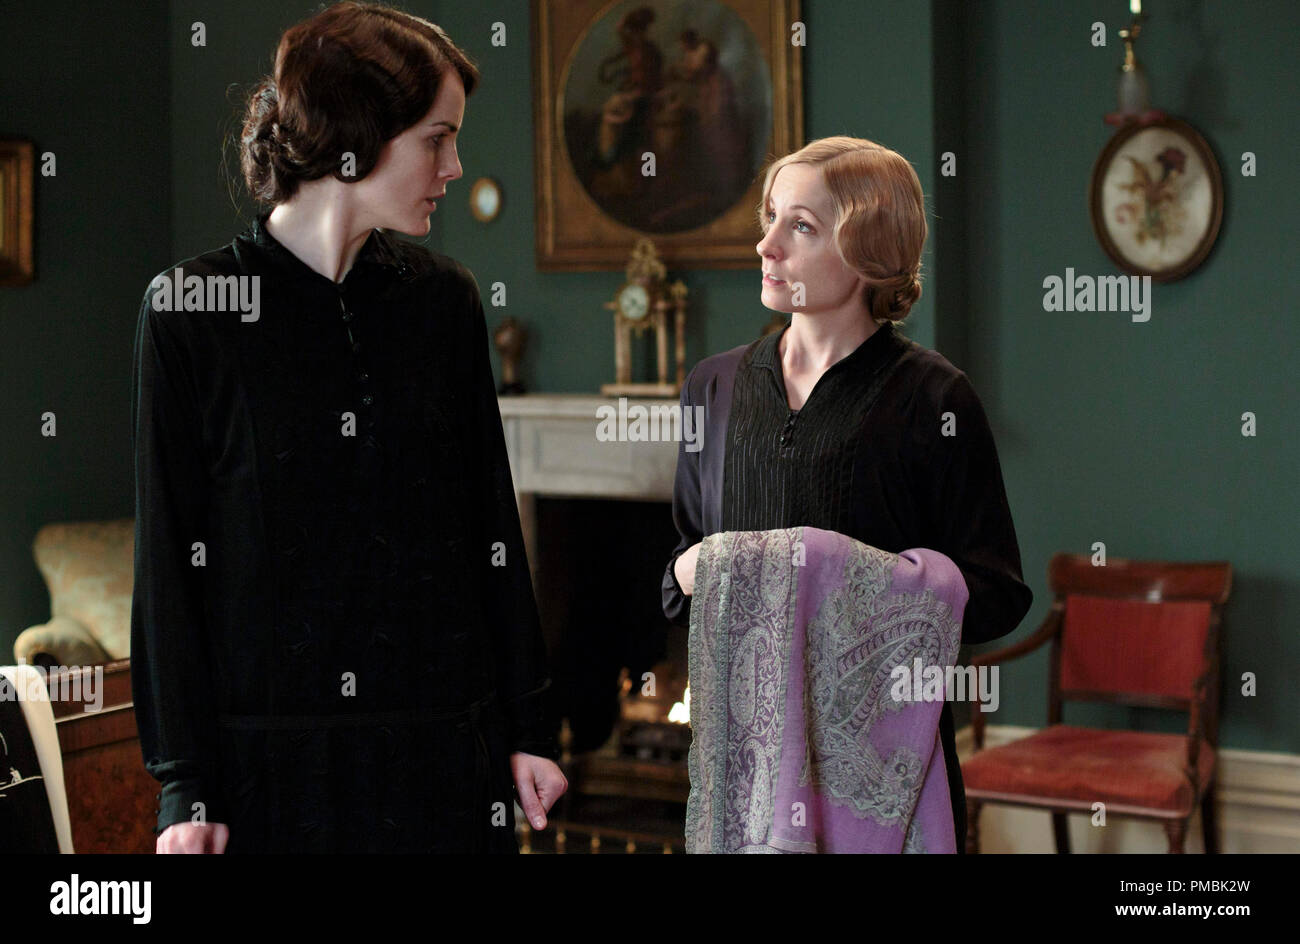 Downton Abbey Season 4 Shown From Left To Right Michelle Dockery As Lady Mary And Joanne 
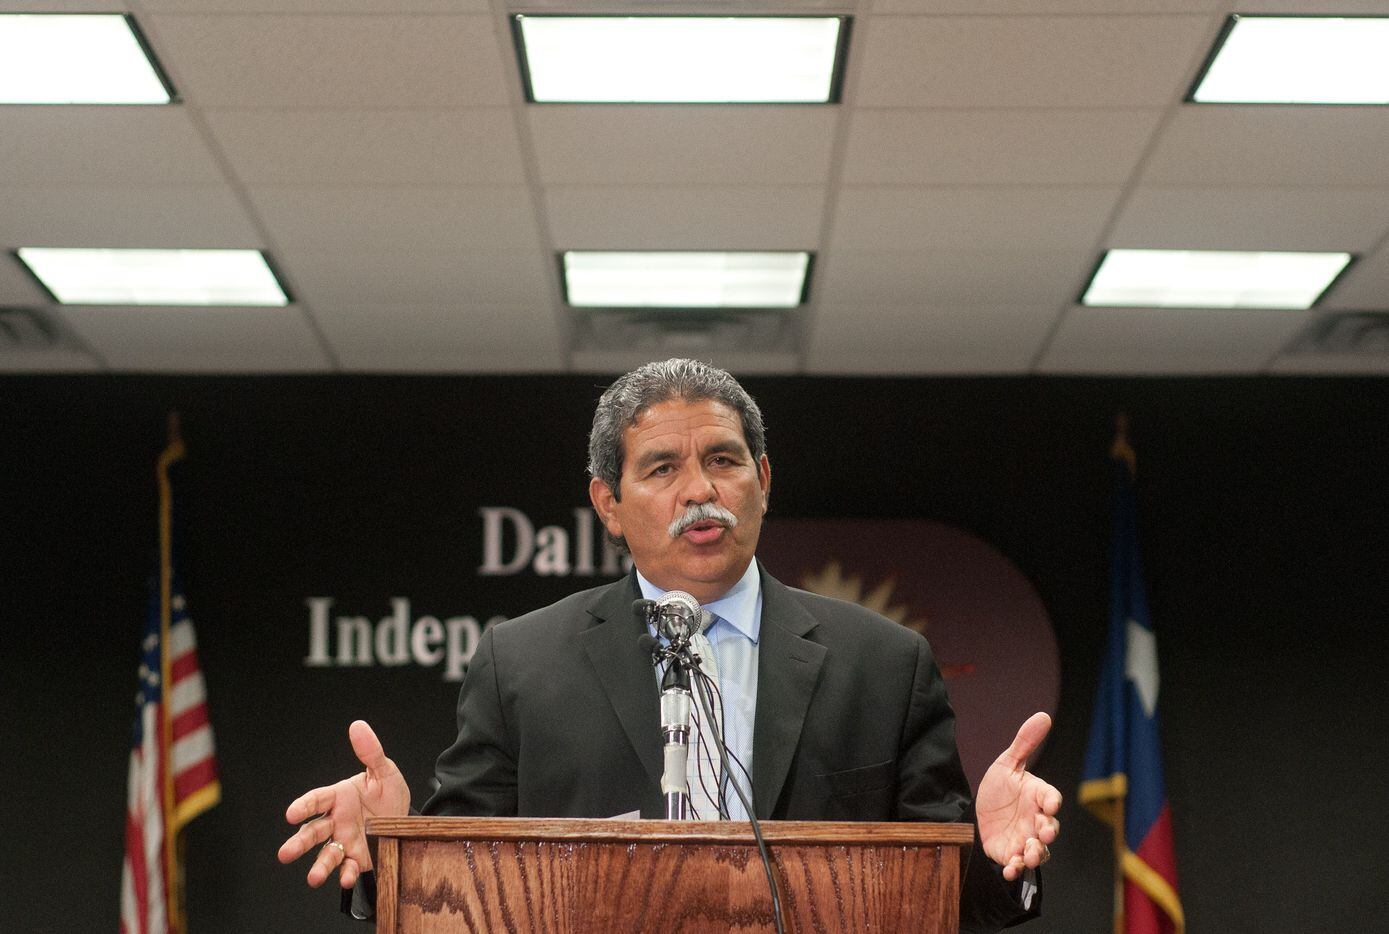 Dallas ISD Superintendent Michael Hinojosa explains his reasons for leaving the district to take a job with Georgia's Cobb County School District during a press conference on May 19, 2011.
* * *
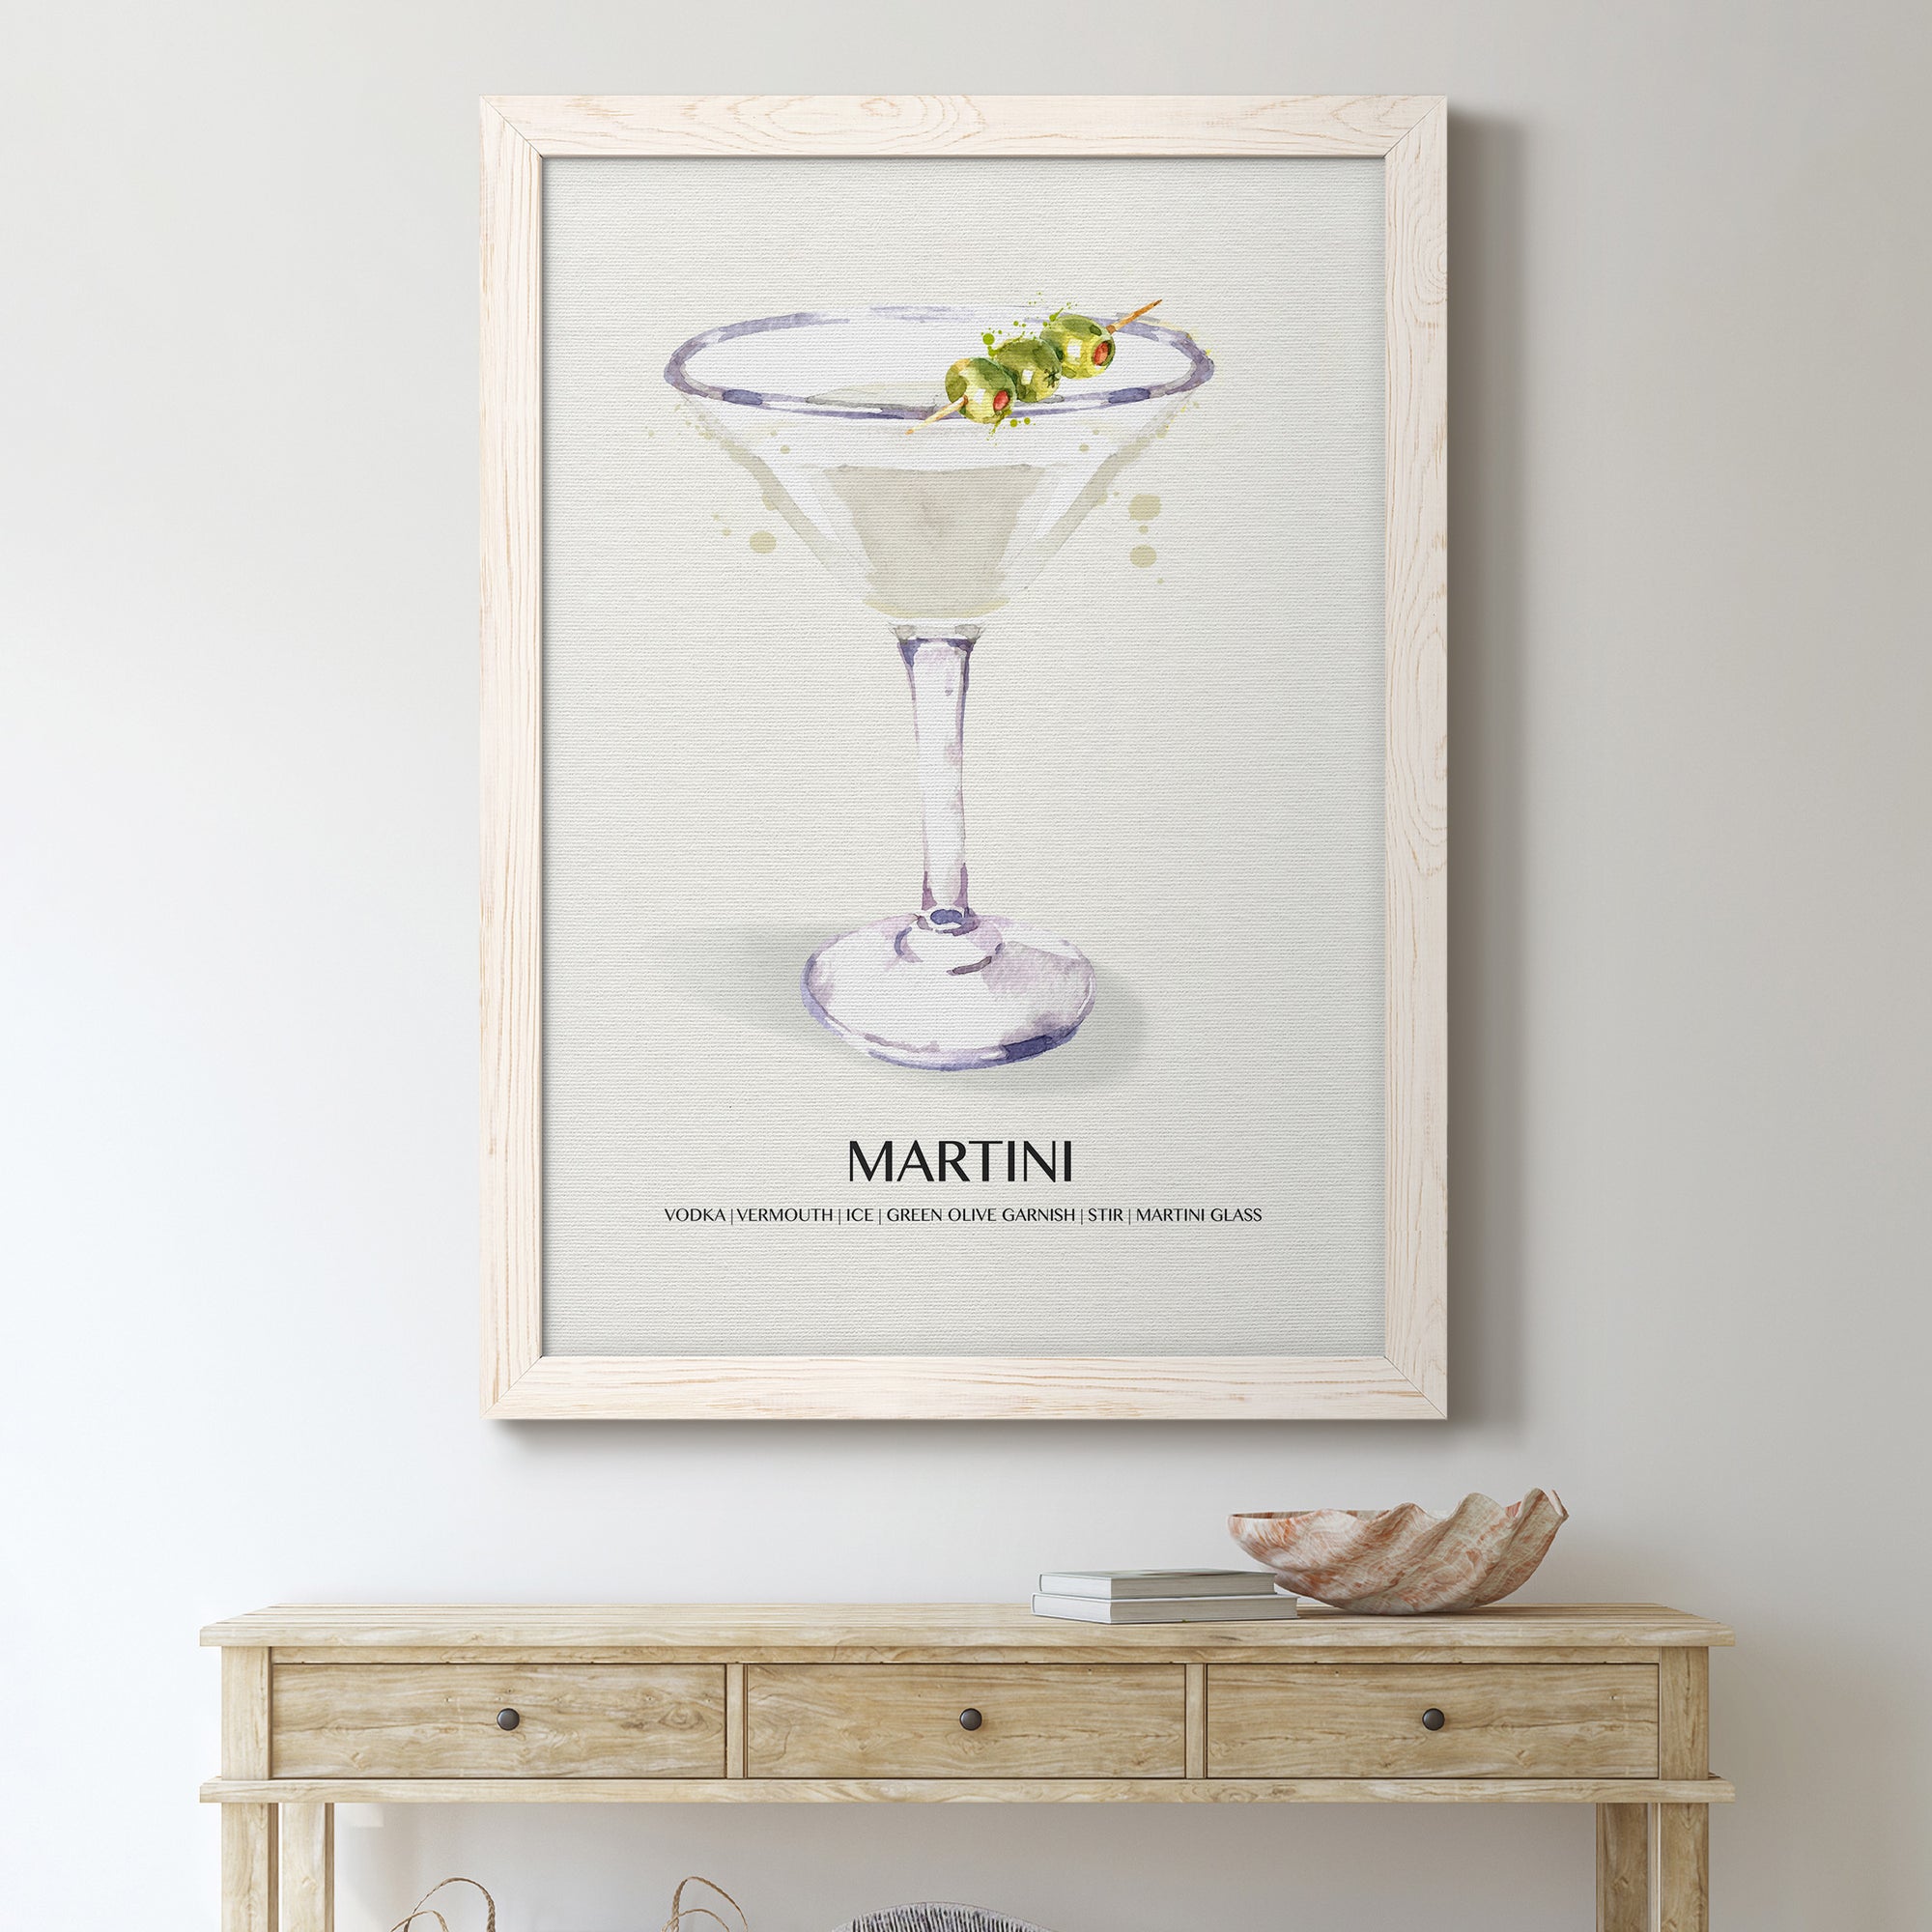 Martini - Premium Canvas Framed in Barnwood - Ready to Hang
--
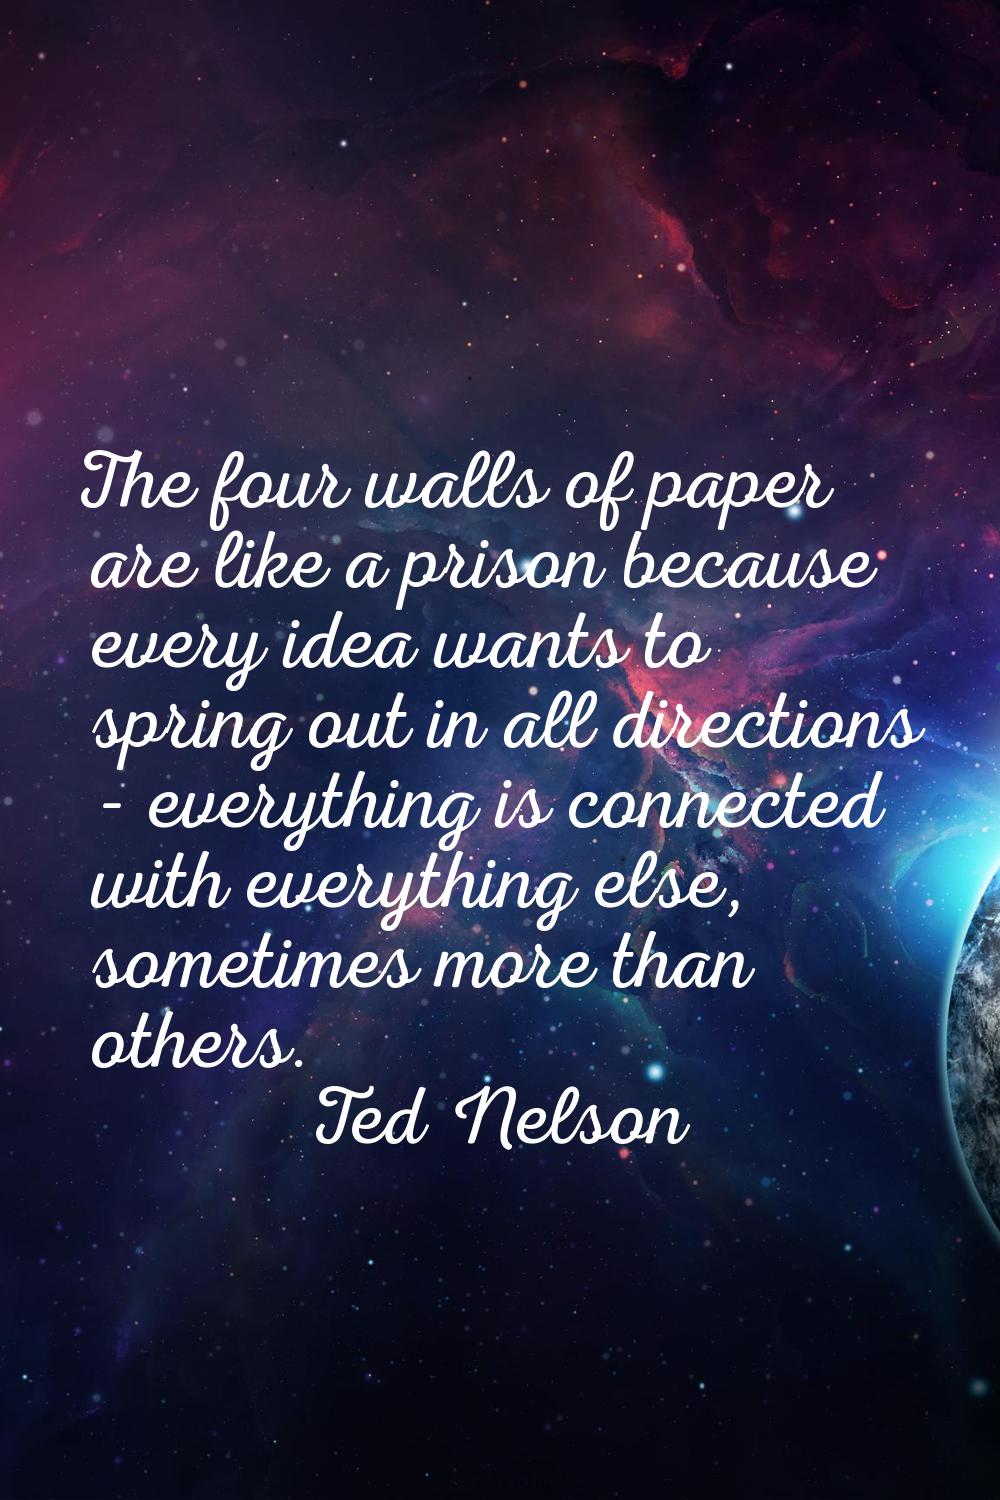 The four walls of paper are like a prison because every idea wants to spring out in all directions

- [TASK TO COMPLETE]
In the entries above, every line from the line with "Downton Abbey Season" to the line with "Dallas ISD Superintendent" is to be printed exactly, with both ends included and pictures excluded.

- [TASK SOLUTION]
 Downton Abbey Season 4 Shown From Left To Right Michelle Dockery As Lady Mary And Joanne 
 Dallas ISD Superintendent Michael Hinojosa explains his reasons for leaving the district to take a job with Georgia's Cobb County School District during a press conference on May 19, 2011.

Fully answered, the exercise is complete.